M4G:  On to Bethesda Softworks.  The Elder Scrolls II: Daggerfall had a huge following, the music was all really eclectic sounding MIDI stuff, but people felt really strongly about the music in that game, very atmospheric.  Were you intimidated by the popularity of the series or the music?
JS:  I knew it was a great game.  I knew the fans were really hardcore about it.  Anytime I come into a new existing franchise, I can tell you, I’ve read a lot of passionate emails about Fallout, and I’m not the composer for Fallout 3.  It’s funny, there’s a bit of irony I think in every new project that comes along, but Todd Howard wanted to record in Moscow, and I knew they needed an orchestral score, and I also felt that the game was so huge that it needed 85 hours of music to cover it properly.  The size of the game influenced my style because I knew the music would be heard over and over and over again.  And so it was a very cautious decision.  The minimalism that people describe in Morrowind and Oblivion was very intentional, and for me it was one of these things where I tried to paint in soft tones so the ear wouldn’t get worn out playing the game for 100 hours.
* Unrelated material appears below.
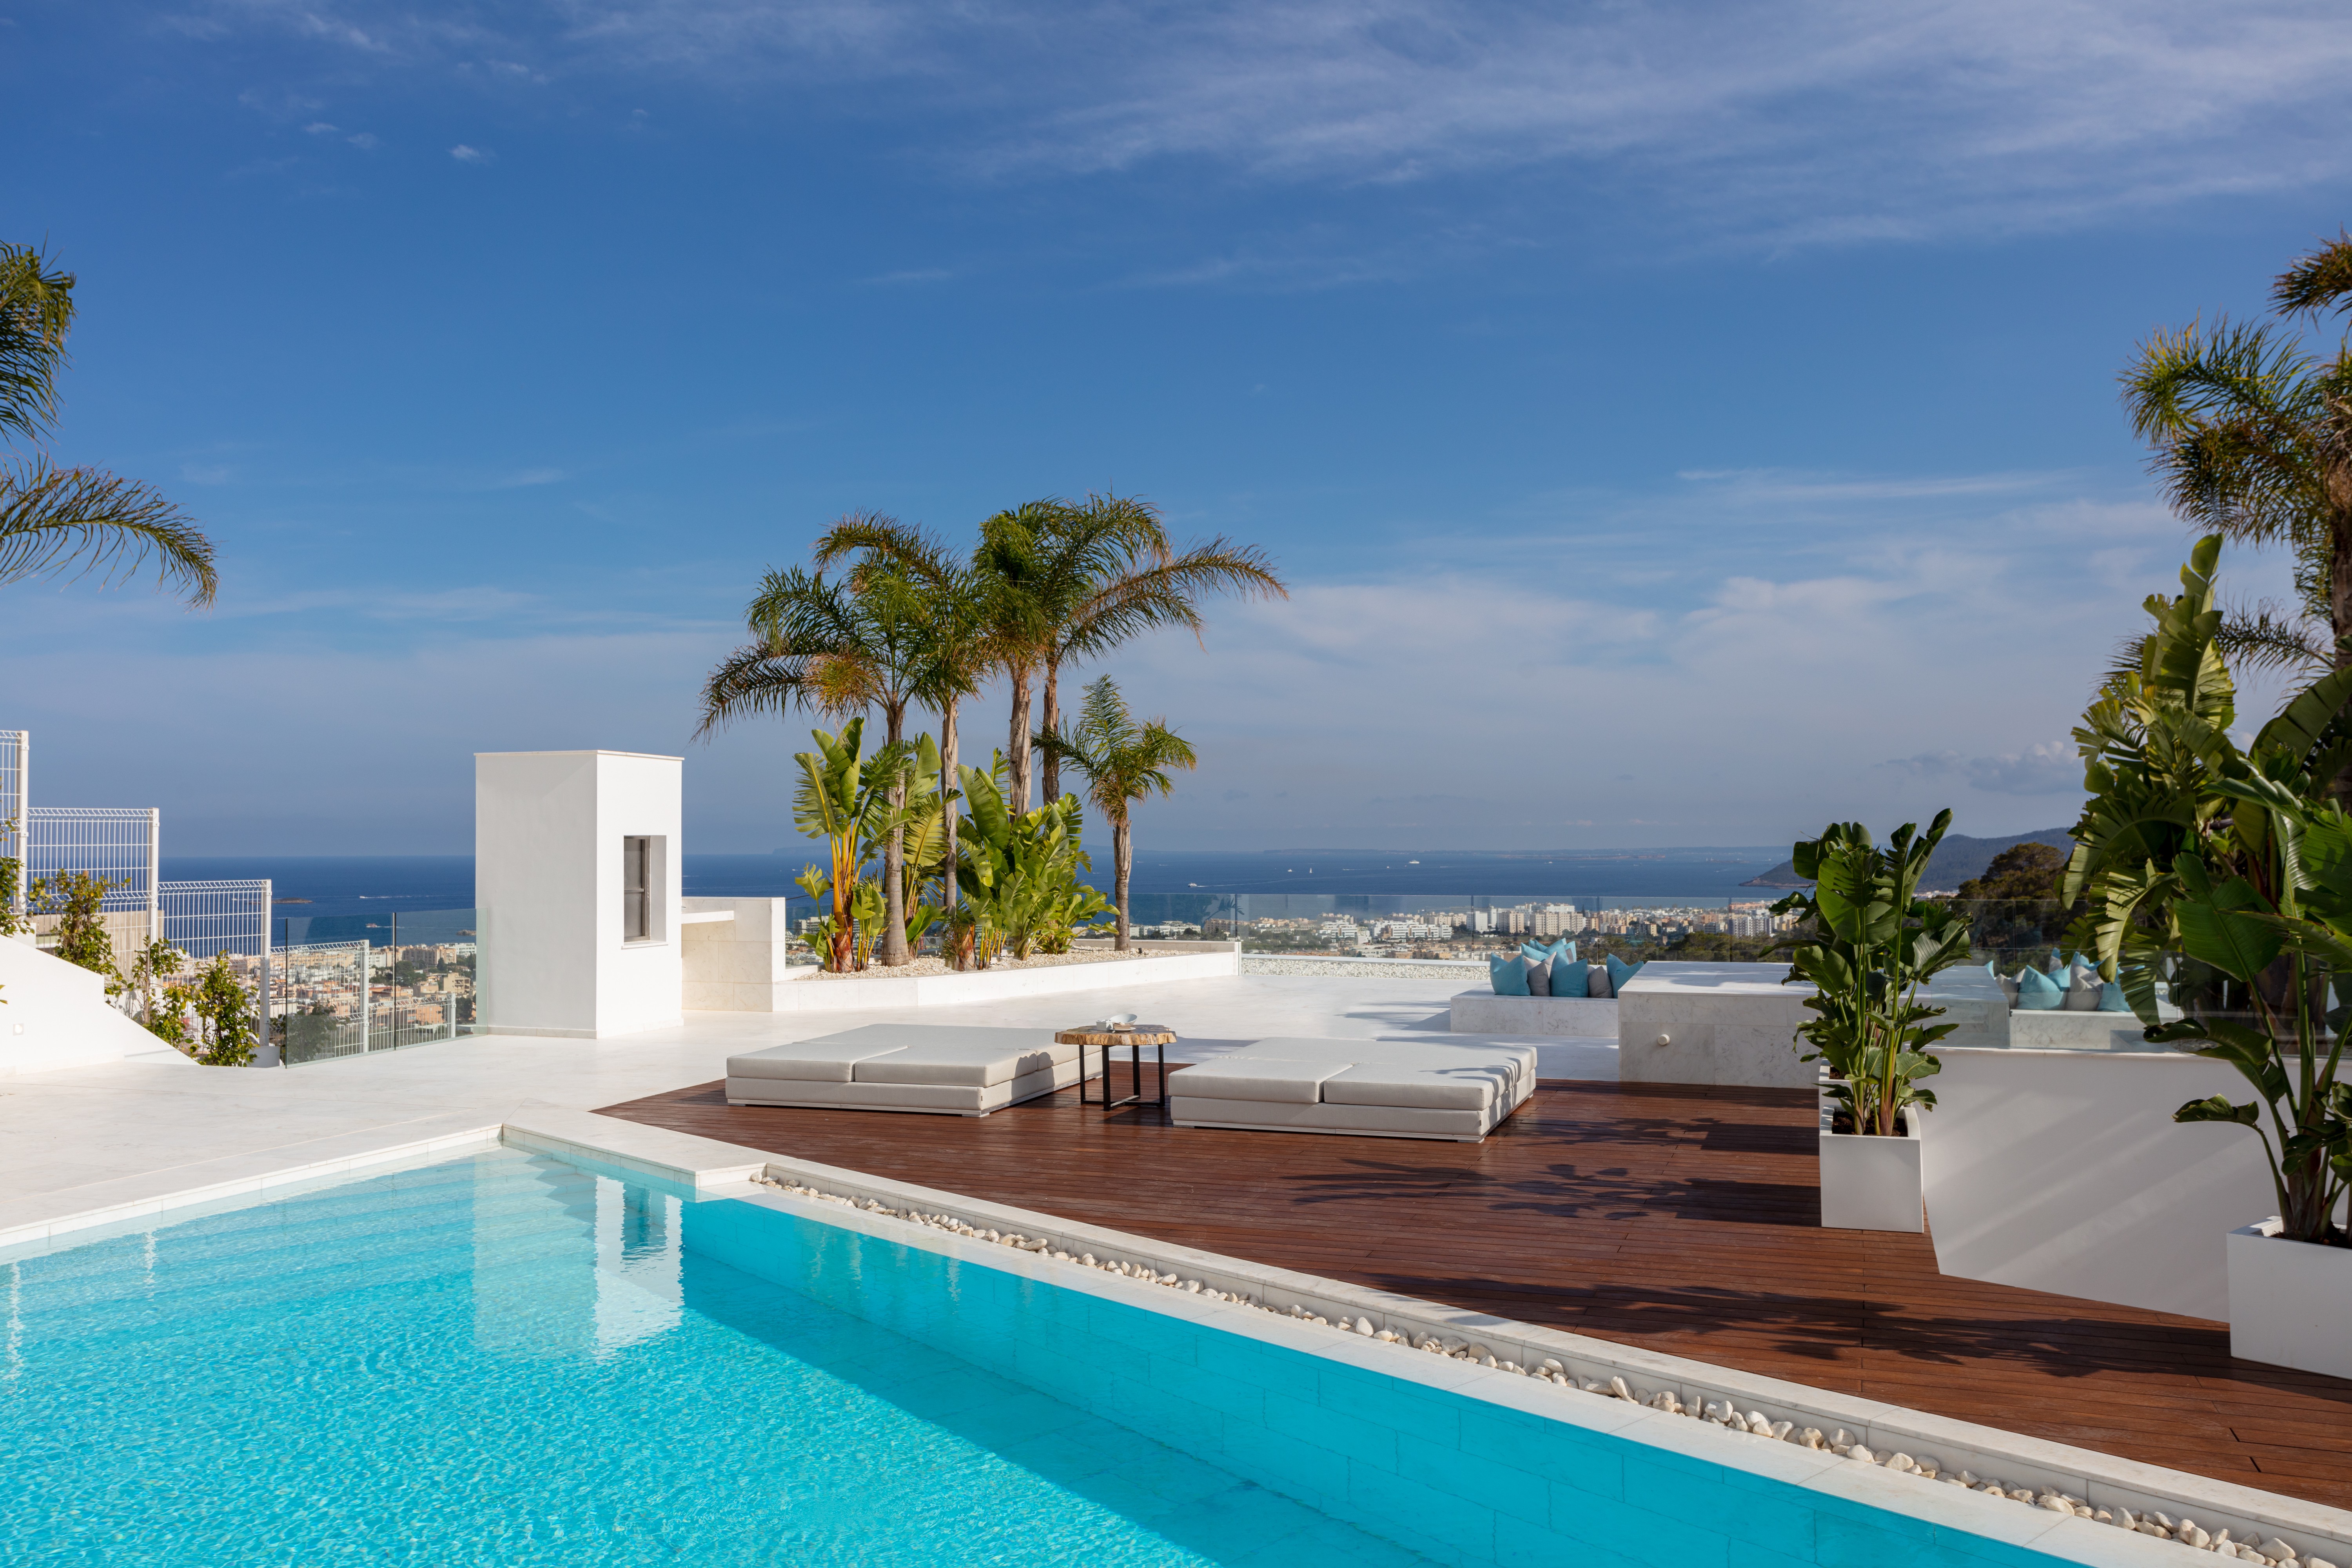 Villa moderna y lujosa de reciente construcción cerca de Ibiza ciudad

M4G: Did you play or listen to Daggerfall?
JS:  I played a little bit of Daggerfall.  Unfortunately my machine was acting up during that time.  I had a PC, but I was a MAC guy, so I have a lot of MACs.  I never bought Daggerfall for MAC, so I had a gaming computer, jeez, all the good stuff.  Having to set things like Winsock to get on the Internet or having to change jumpers for DMA or memory settings, all the fun stuff.  I remember Daggerfall being way bigger than I had time to play.

M4G:  Alright, I’m going to move onto something else that was on the website.  There was a Citizen Kabuto CD that was going to be distributed and sold, then we got emails saying you were going to sign the CDs…what happened with that whole scenario?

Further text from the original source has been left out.